Nobody is checking whether they’re honest.
A team of researchers just published the first systematic study of this problem. “Your Agent Is Mine,” from a group at Waterloo and other institutions, tested 428 LLM API routers. 28 paid routers bought from Taobao, Xianyu, and Shopify stores. 400 free ones built from open-source templates. What they found changes how you think about agent architecture.
The problem nobody’s looking at
LLM API routers are the middlemen of the AI world. You need one if you want to use models from different providers without managing separate API keys. LiteLLM, the biggest open-source router, has 40,000 GitHub stars and 240 million Docker pulls. OpenRouter connects to 300 models across 60 providers. They’re infrastructure, not some side project.
The way they work is simple. Your agent sends a request to the router. The router terminates the TLS connection, reads the request in full, picks an upstream provider, opens a new TLS connection, and forwards it. When the response comes back, the router reads that too, then sends it to your agent.
That middle step is the problem. The router sits in what security people call a man-in-the-middle position. No hack required. You configured it that way. You pointed your agent at the router’s URL. The router has full application-layer access to every byte that passes through it. It can read tool-call arguments, rewrite responses, copy API keys, and inject code into the output your agent is about to execute.
And because routers are composable, your request might pass through several. A developer buys API access from a Taobao reseller, who aggregates from a second-tier provider, who routes through OpenRouter, who dispatches to the model host. Four hops. Each one terminating and re-originating TLS. Each one with plaintext access. The client configures only the first hop. The rest are invisible.
What the researchers found
Of the 28 paid routers they bought, one was actively injecting malicious code into tool-call responses. Of the 400 free routers, eight were doing the same. Two of those used adaptive evasion, meaning they waited for a warm-up period before activating, or only triggered when the router detected the agent was running in autonomous mode where tool execution gets auto-approved.
The researchers call that “YOLO mode.” The agents call it being productive.
Seventeen free routers touched researcher-owned AWS credentials that were embedded in test requests. One drained ETH from a researcher-owned private key. A router, sitting between a user and a model provider, stole cryptocurrency from someone who used it.
But the poisoning studies are worse. The researchers intentionally leaked an OpenAI key on Chinese forums and in WeChat and Telegram groups. That single key generated 100 million GPT-5.4 tokens and more than seven Codex sessions. They also deployed weakly configured decoy routers across 20 domains. Those decoys served 2 billion tokens, exposed 99 credentials across 440 Codex sessions, and found that 401 of those sessions were already running in YOLO mode. Auto-approve on. No human in the loop.
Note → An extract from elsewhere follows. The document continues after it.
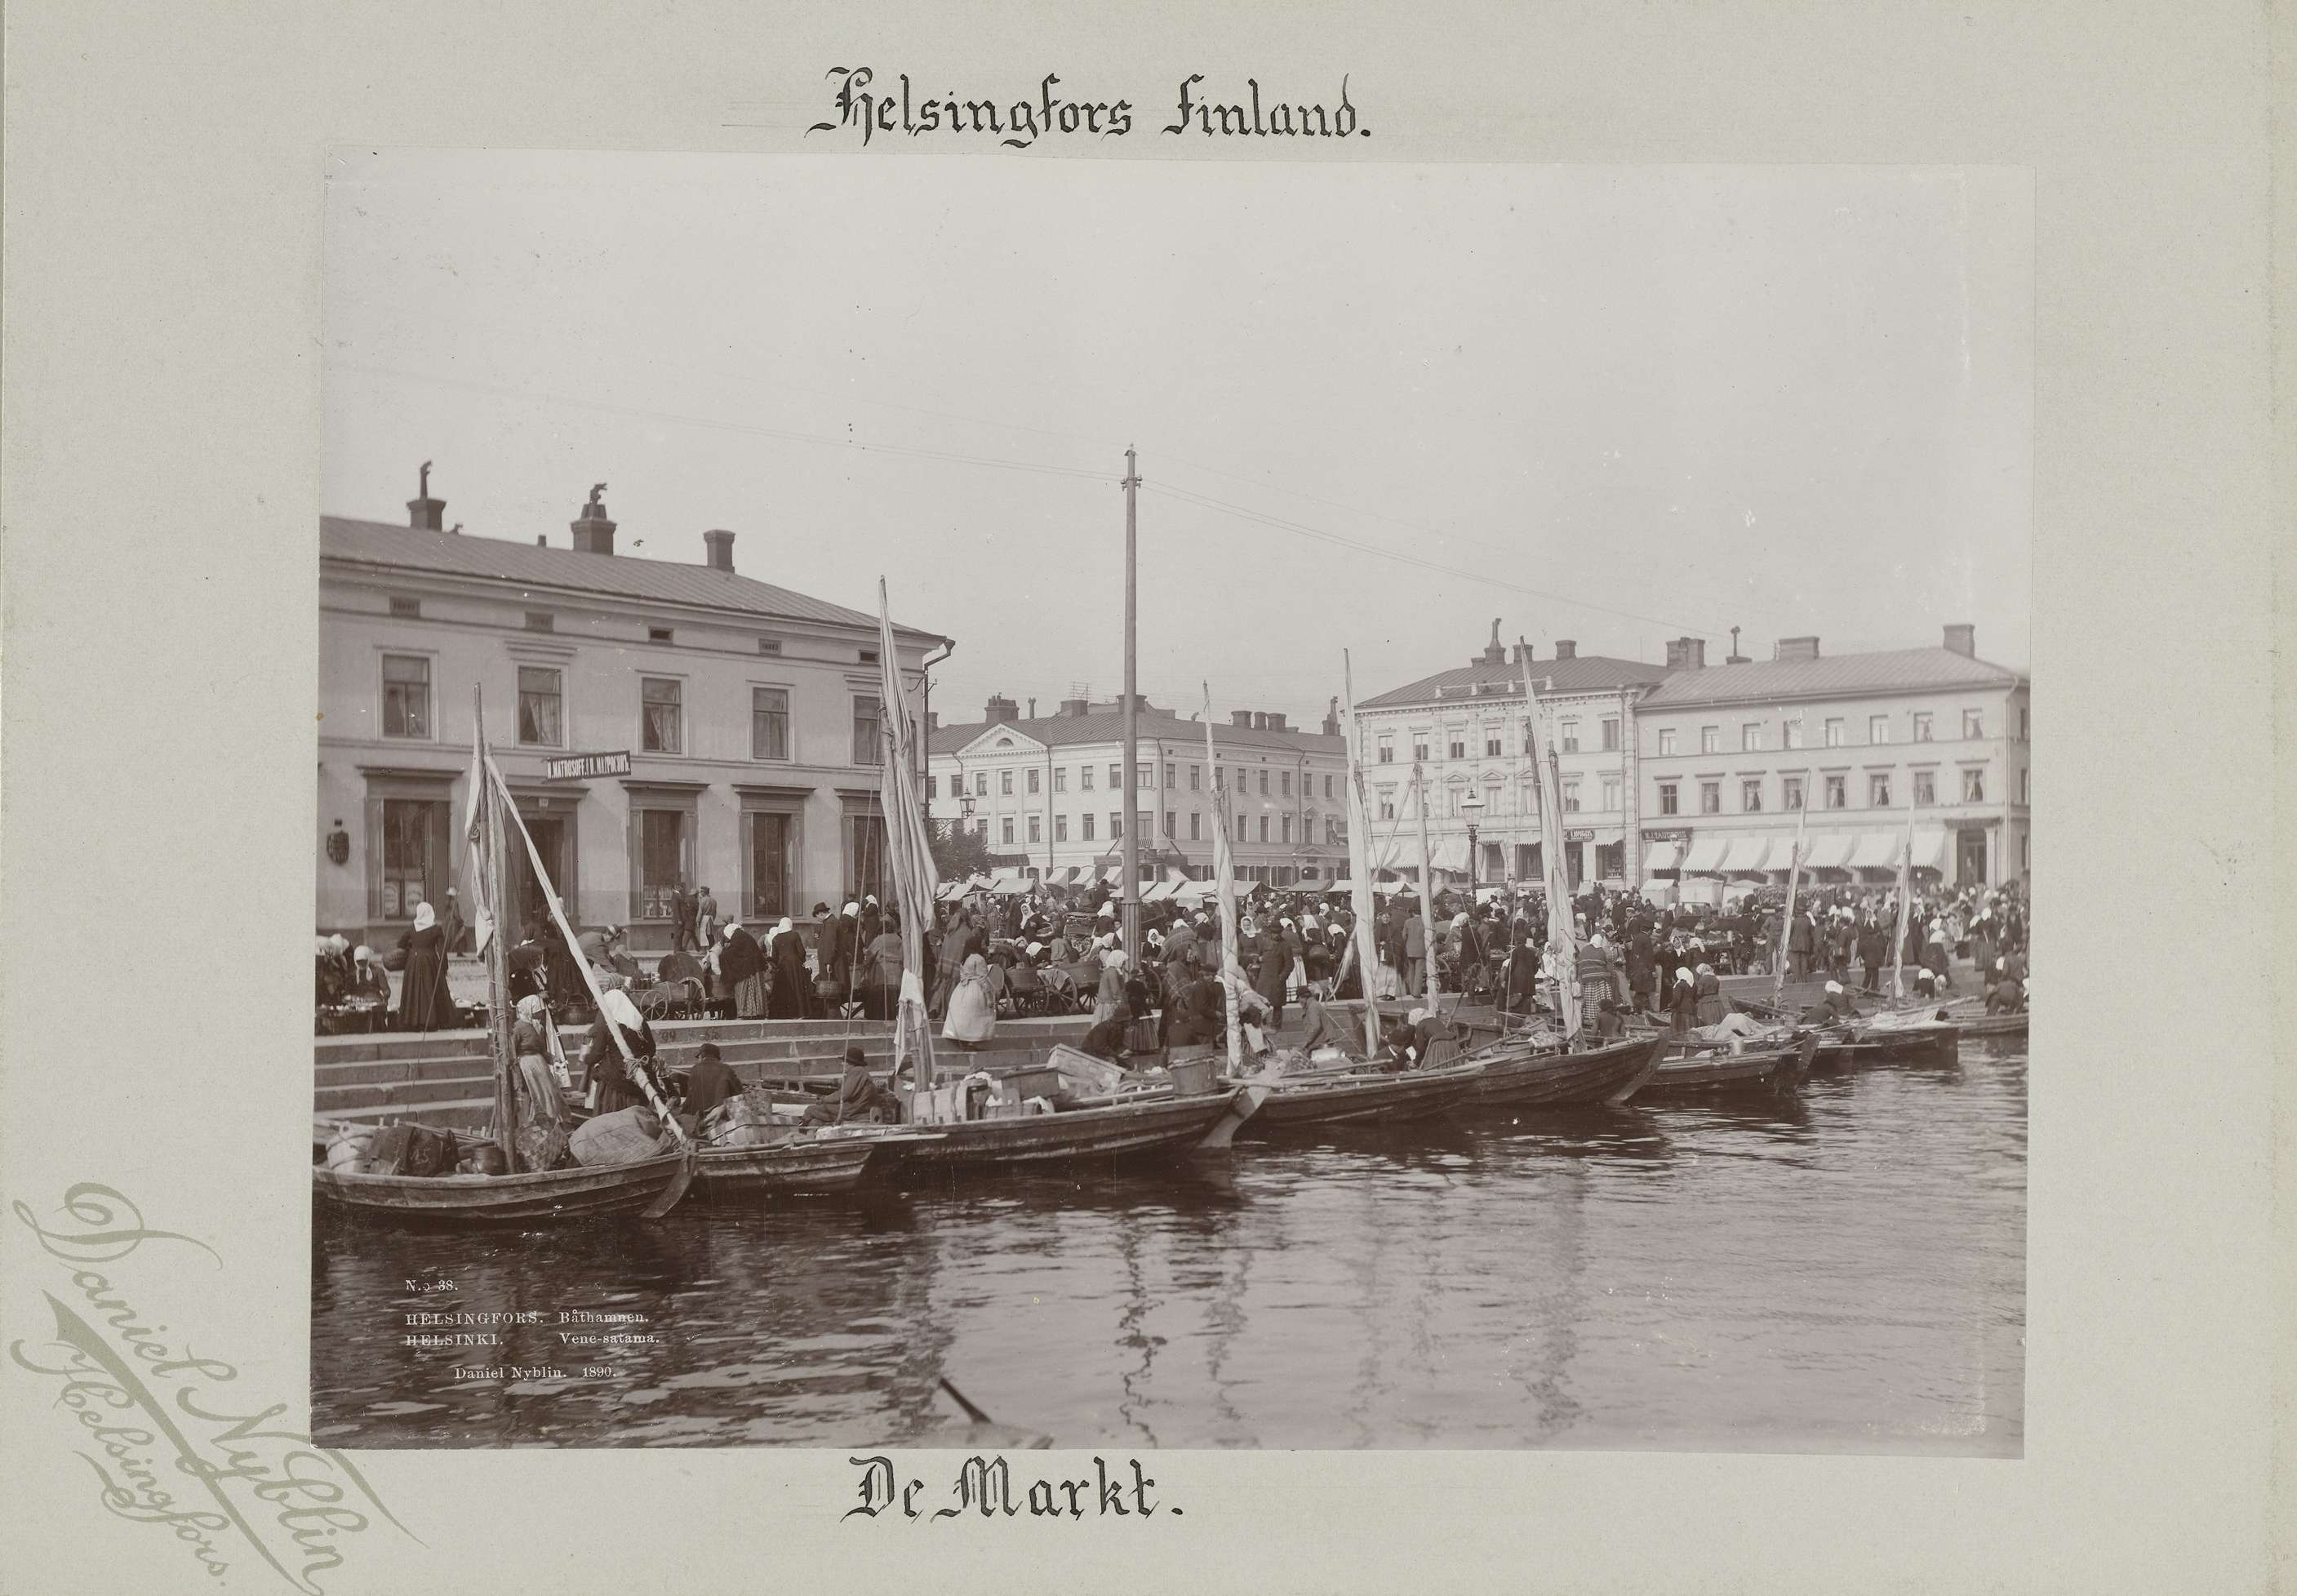 Helsingfors Finland, De markt, Daniel Nybliin Helsingfors., Russian Satama in Helsinki., No. 38. Helsingfors Bathamnen, Daniel Nyblin 1890
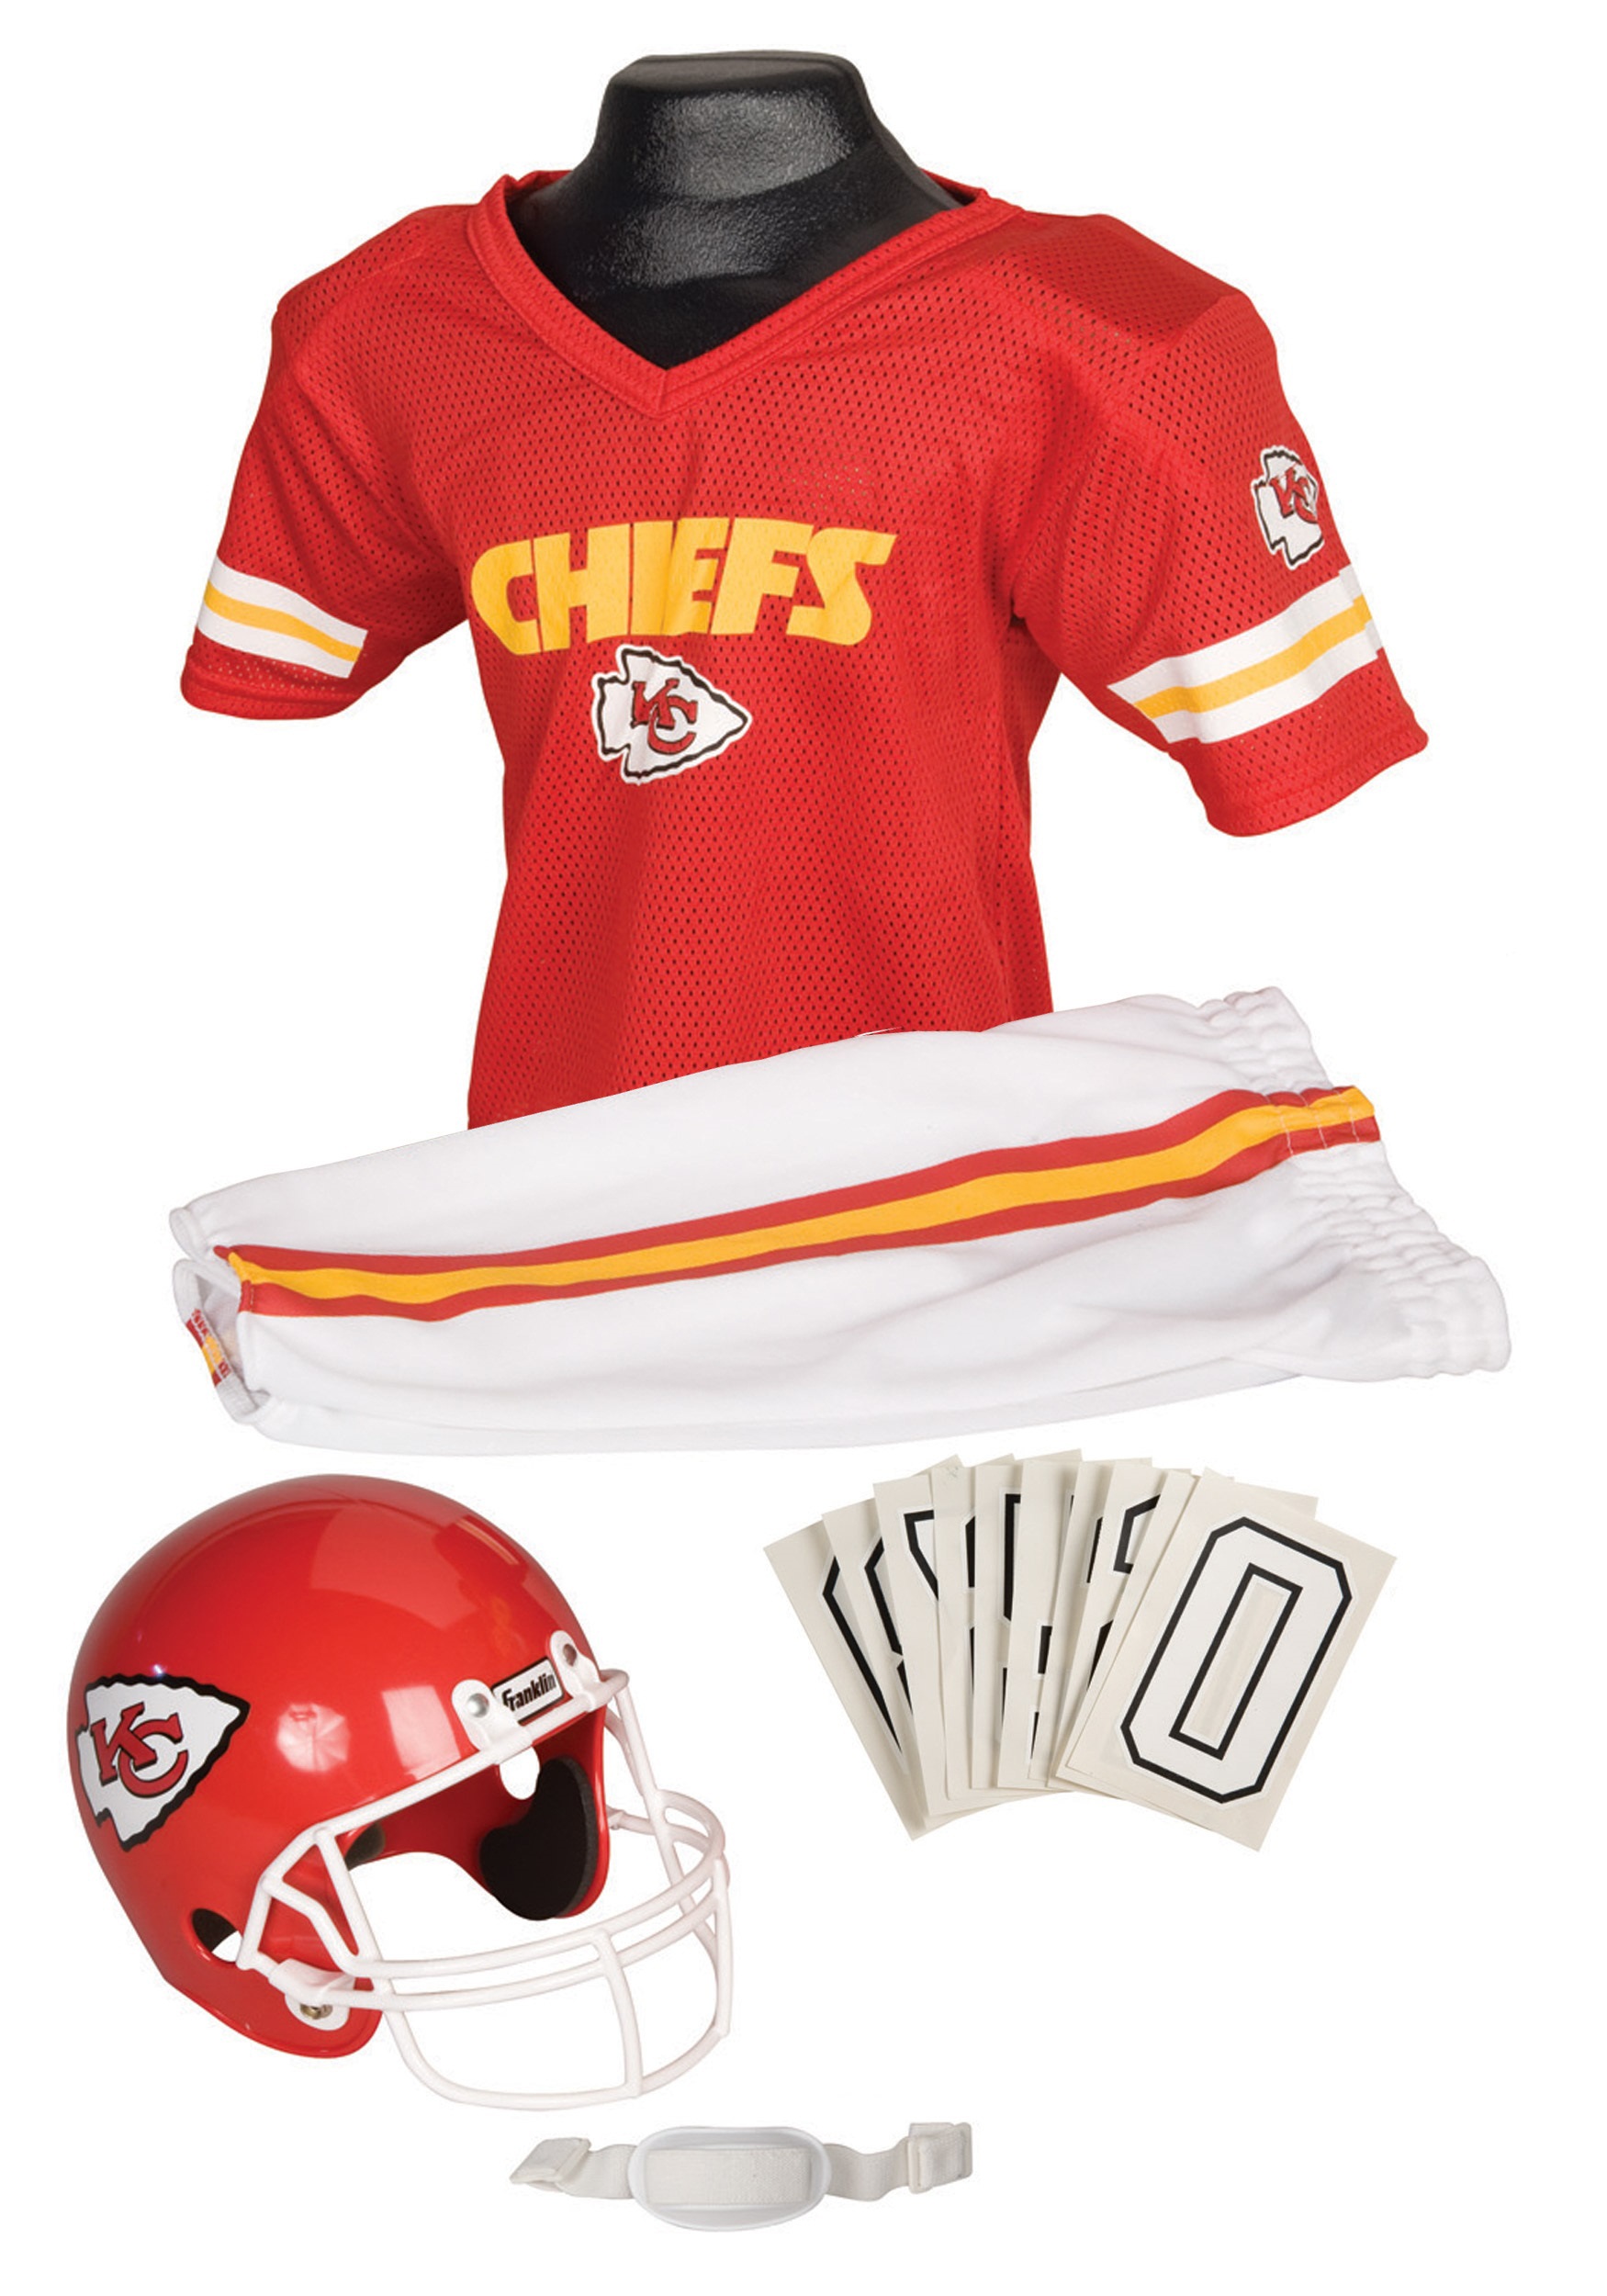 Kids NFL Chiefs Uniform Costume

Every one of those 440 sessions was command-injectable. A single malicious router in the chain would have had full control over the tool calls those agents were executing.
The LiteLLM wake-up call
In March 2026, LiteLLM got compromised through dependency confusion. Attackers injected malicious code into the request-handling pipeline. Every deployment that pulled the poisoned release was compromised. A single supply-chain entry point in the most widely deployed LLM router became a weapon with full plaintext access to every API request flowing through it.
This is the same LiteLLM that thousands of organisations trust as production infrastructure. The same tool that developers configure and forget about. It turned into a supply-chain attack vector overnight, and most of its users wouldn’t have known until the damage was done.
Dependency confusion isn’t new. It’s been a known attack in software supply chains for years. But the stakes are different when the compromised package goes beyond reading your code and starts rewriting the tool calls your AI agent is about to execute on your behalf. A compromised npm package can steal secrets. A compromised LLM router can make your agent do things you never asked it to do, with your credentials, on your infrastructure.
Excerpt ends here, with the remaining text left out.